En ce quarantième anniversaire de Mai 68, je m’en voudrais de ne point ajouter mon petit pavé aux barricades de nos mémoires. Nous étions alors une douzaine de techniciens cinéma oeuvrant dans un ancien couvent transformé en studio 21 rue Lhomond, non loin du Panthéon (auquel je suis rentré de mon vivant en 2002). Et à un jet de grenade lacrymogène de notre maison mère, l’Institut Pédagogique National, 29 rue d’Ulm. Ses 400 fonctionnaires s’étaient terrés dans leurs banlieusardes demeures, heureux de profiter de congés forcés. Seuls étaient restés le directeur et sa secrétaire. Mais le lieu – et ses salles de réunion – attiraient des centaines d’étudiants et d’instituteurs qui entendaient réformer la pédagogie en d’interminables assemblées.
Soucieux de ne pas laisser l’immeuble à l’abandon, nous étions tous venus l’occuper et en assurer la maintenance. Nos machinistes avaient récupéré le personnel de la cafétéria, et employaient notre camionnette à l’approvisionner pour quelques centaines d’affamés quotidiens. Vêtu de la combinaison vert foncé (destinée aux prises de vues d’animaux dans la nature), j’assurais l’entretien, des chasses d’eau au standard téléphonique. J’avais même sonorisé le grand hall, dotant les hôtesses d’un magnétophone à bande, employant une boucle où j’avais enregistré les six premières notes de l’internationale avec un xylophone ( !!!…). Cette sonnerie préludait aux annonces.
Or, un jour, dans la grande salle de projection, un individu m’interpelle : il m’avait reconnu et se souvenait de mon nom. C’était Guy Debord. Ne pouvant retrouver le moindre souvenir, il m’explique que, douze ans plus tôt, à l’automne 1956, nous étions ensemble dans la même chambrée à l’hôpital militaire de Vincennes. En fait il avait passé les trois semaines terré dans un coin sans parler à qui que ce soit. Et avait été réformé pour débilité mentale ; et ce, en pleine guerre d’Algérie. Moi-même fut déclaré apte à rejoindre mon corps en Allemagne ; mais j’avais profité de ce séjour pour étudier le manuel de médecine militaire de l’infirmier et pu par la suite éviter de participer à cette opération hautement critiquable.
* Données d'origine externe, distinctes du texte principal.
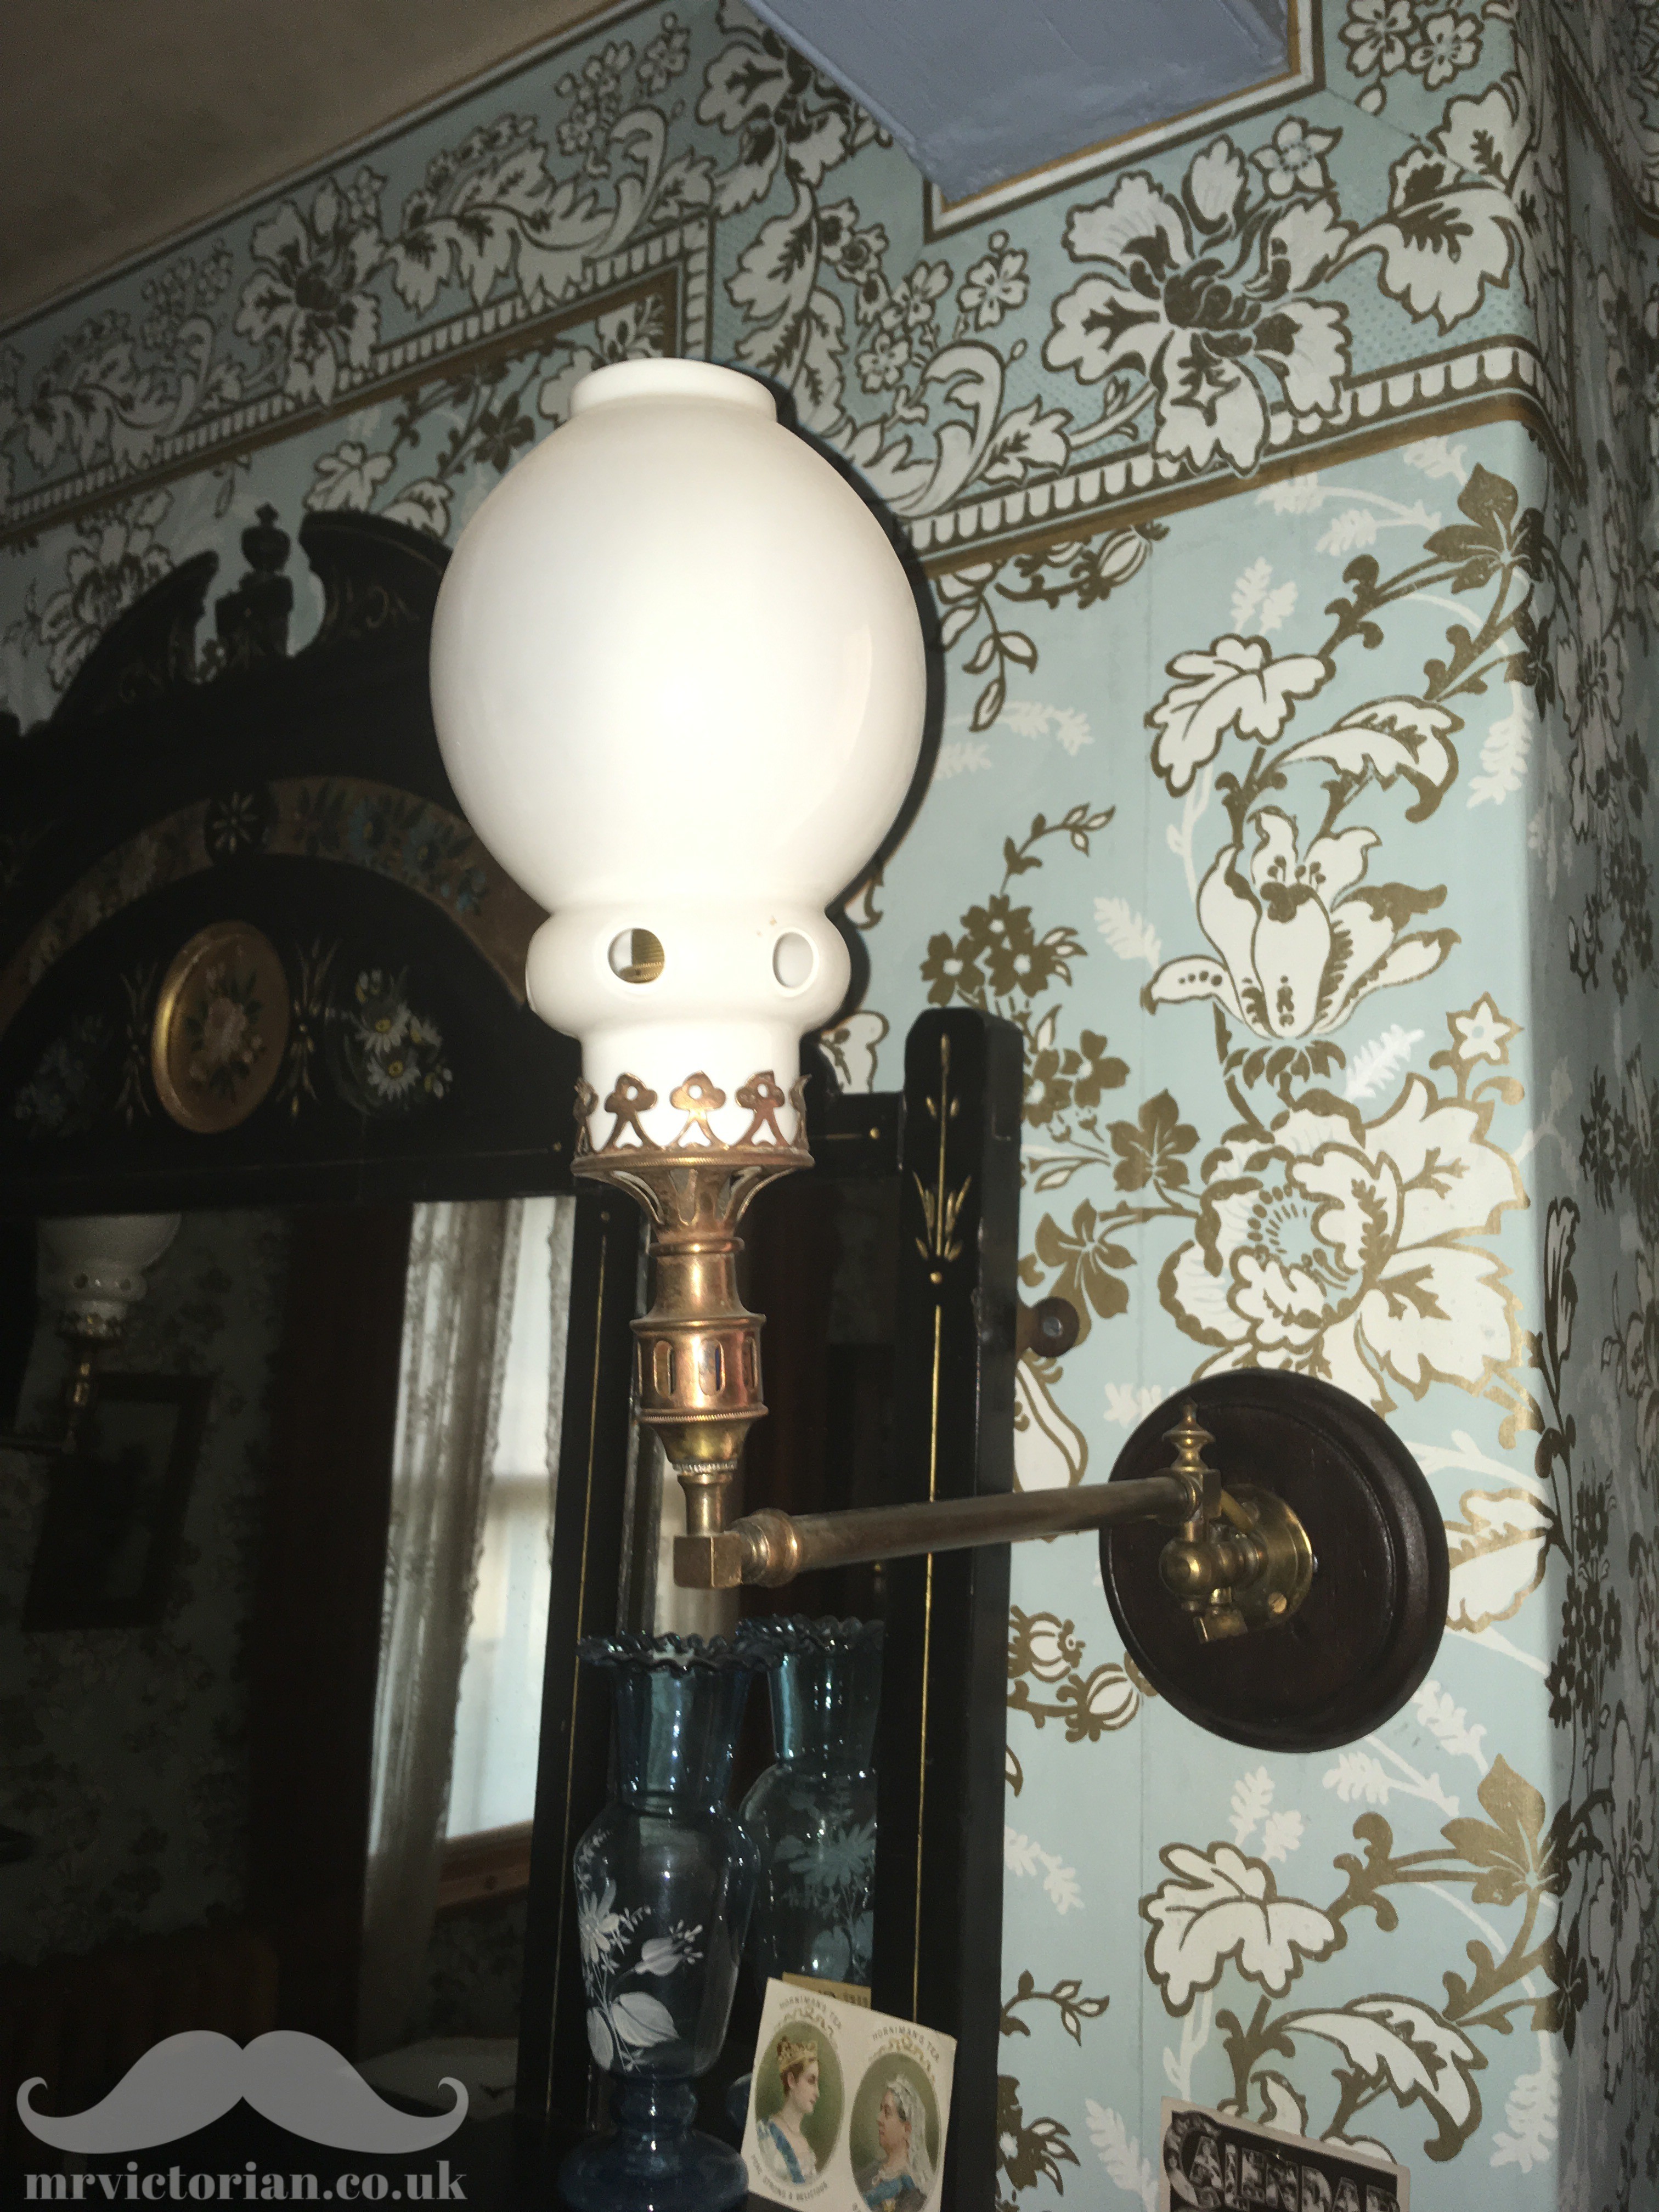 Antique lighting - Victorian upright incandescent burner on gas light lamp

J’avais aussi, pour m’occuper, fait le « lapin de couloir », à transmettre les échantillons d’urine, d’un service au labo concerné. Ce qui m’avait permis, en permutant les étiquettes de faire déclarer enceinte un adjudant barbu. On me retira alors cette responsabilité. Depuis, j’avais eu connaissance des travaux de Debord, de la publication de la « Société du spectacle », et de la création de l’Internationale Situationniste. Nous étions d’ailleurs en relation directe avec des imprimeurs anarchistes de la rue Monsieur le Prince, qui se réclamaient hautement de ce mouvement.
Une autre forte personnalité nous avait rejoint. Félix Guattari, psy issu du mouvement du 22 mars, avait dans son carnet les numéros de téléphone de tous les grands quotidiens mondiaux ( Times, New York Herald, etc.) et avait à passer chaque jour des informations sur la situation dans Paris. Ne voulant pas le voir gonfler la note de téléphone de l’IPN, j’eus l’idée de brancher un des postes de la bibliothèque sur une des deux lignes appartenant à l’armée qui disposait de deux petits bureaux pour l’information des étudiants. Ils les avaient soigneusement fermés et avaient eux aussi disparus Faire la modification dans les circuits du standard était simple pour moi, qui remit tout en place en juin. Stupeur des militaires quand ils reçurent début juillet une facture de téléphone de plus de 50000 francs alors que leurs bureaux étaient intacts… Par la suite Guattari travailla à la clinique de La Borde près de Blois et lâcha Lacan pour Deleuze dont il devint l’ami. Il y mourut en 1992. Et, deux ans plus tard Guy Debord, souffrant d’une grave maladie de foie, se suicidait dans la maison savoyarde où il vivait avec sa femme.
Je n’ajouterais rien sur ce mouvement d’un romantisme extrême ; d’autres le font mieux que moi ; mais nous avions tous le sentiment d’avoir participé à un gigantesque mouvement de libération qui finalement nous a marqué profondément, même si, en surface, il ne semble pas en rester grand chose.